Интерьер. Работницы сидят за сколоченным из досок столом, нарезают хлеб, расставляют снедь – готовятся к обеду. Со скрипом открываются ворота, входит Букашкин.

– Ой! – работница с золотыми зубами испугана. – Вы кто такой есть?

– Хозяин ваш, бабоньки, – несколько игриво отвечает Егор.

– У нас хозяин не такой, – спорит золотозубая.

– То экспедитор к вам ездил, а я первый раз.

– Деньги привезли? – мрачно бросает женщина в платке.

– И деньги, и паспорта.

– Увольняете?

– Лавочка закрывается.

– А что же нам теперь?

– По домам, полагаю.

Егор вынимает два конверта с деньгами и паспорта. Женщины совсем не рады, даже зарплате не рады. Золотозубая плачет, её «товарка» мрачнее тучи.

– Собирайтесь. Чтоб через полчаса духу вашего не было.

Женщины торопливо прячут деньги и документы. Как только всё это надежно исчезает в глубине одежды, женщина в платке оскаливается, обнажая зубы – что-то хищное, неукротимое в ней проступает:

– Подлюка гнойная, – шипит она, – у нас дети, думаешь, я вкалывала, чтобы ты богател? – достаёт из-за пазуха конверт с деньгами, торопливо пересчитывает тощую пачку. Гони ещё пять тысяч! Иначе в ментовку сообщу, чем ты тут занимаешься.

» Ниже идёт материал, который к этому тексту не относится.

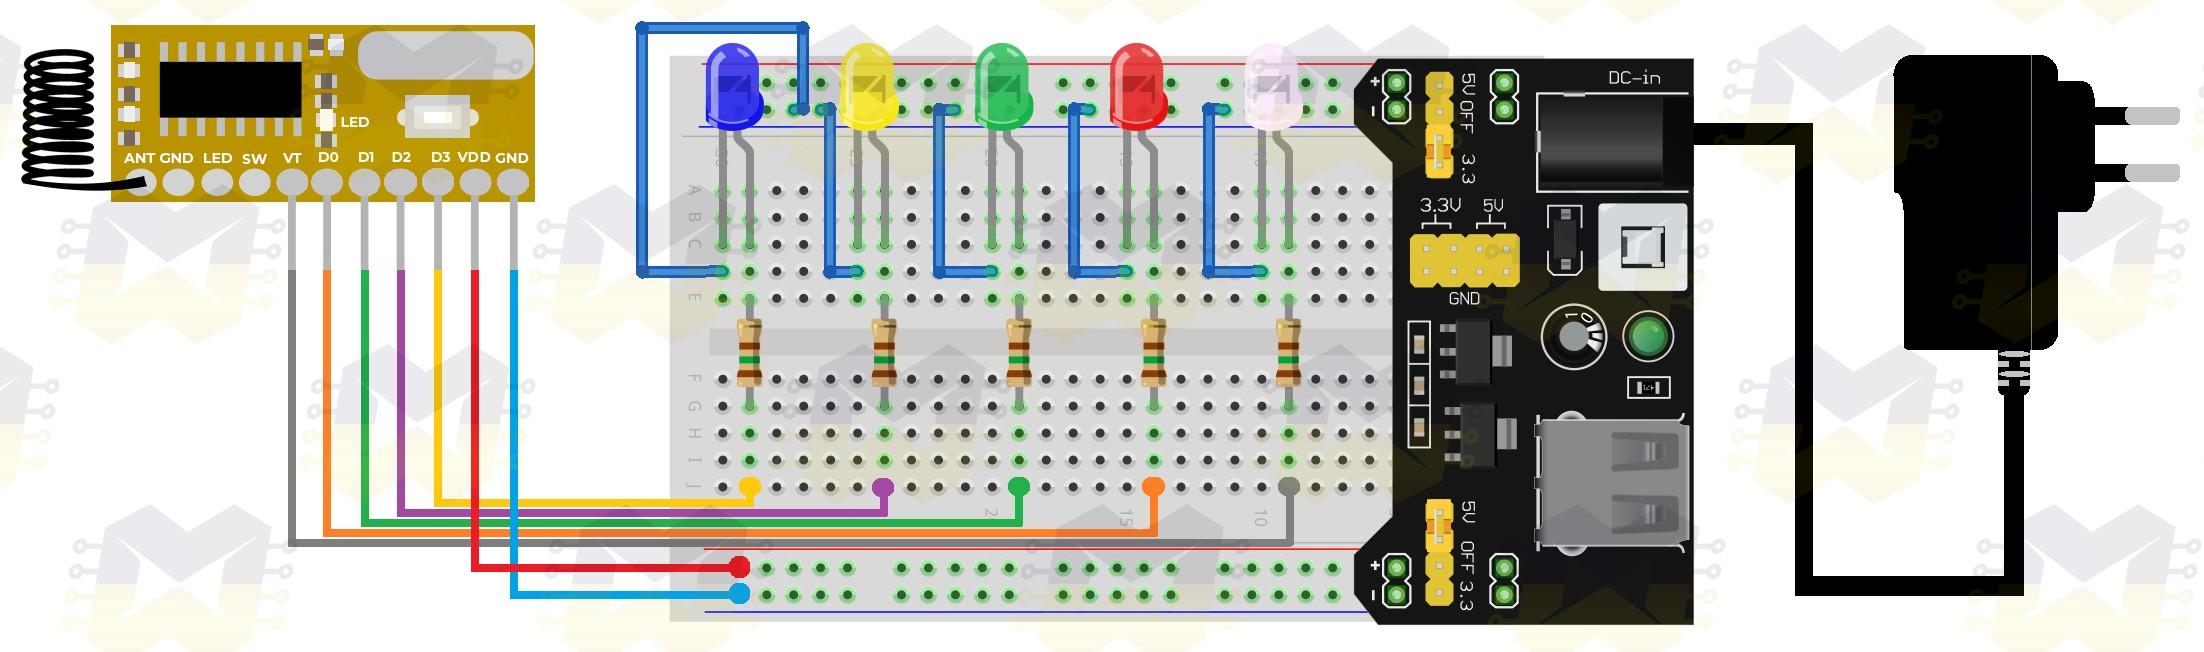 img03_conhecendo_modulo_rxc6_receptor_wireless_superheterodino_rf_433mhz_arduino_esp8266_esp32_controle_remoto_ev1527_pt2262

– Давай. И не забудьте рассказать, как в Москву попали и сколько без регистрации жили.

– Убью, – шипит сквозь стиснутые зубы та, что в платке, бросается к Егору.

Прямо ей в лицо – дуло пистолета. Женщина приседает. Егор направляет дуло женщине в висок. Золотозубая охает, хватает подругу за плечи, оттаскивает её, причитая:

 

– Миленький, хорошенький, не надо. Мы сейчас, сейчас.

– То-то мне, – Егор ухмыляется, – вон отсюда!

Женщины бросаются в свой закуток, сгребают с нар, на которых обычно спали, свой жалкий скарб. Егор спокойно наблюдает эту суету.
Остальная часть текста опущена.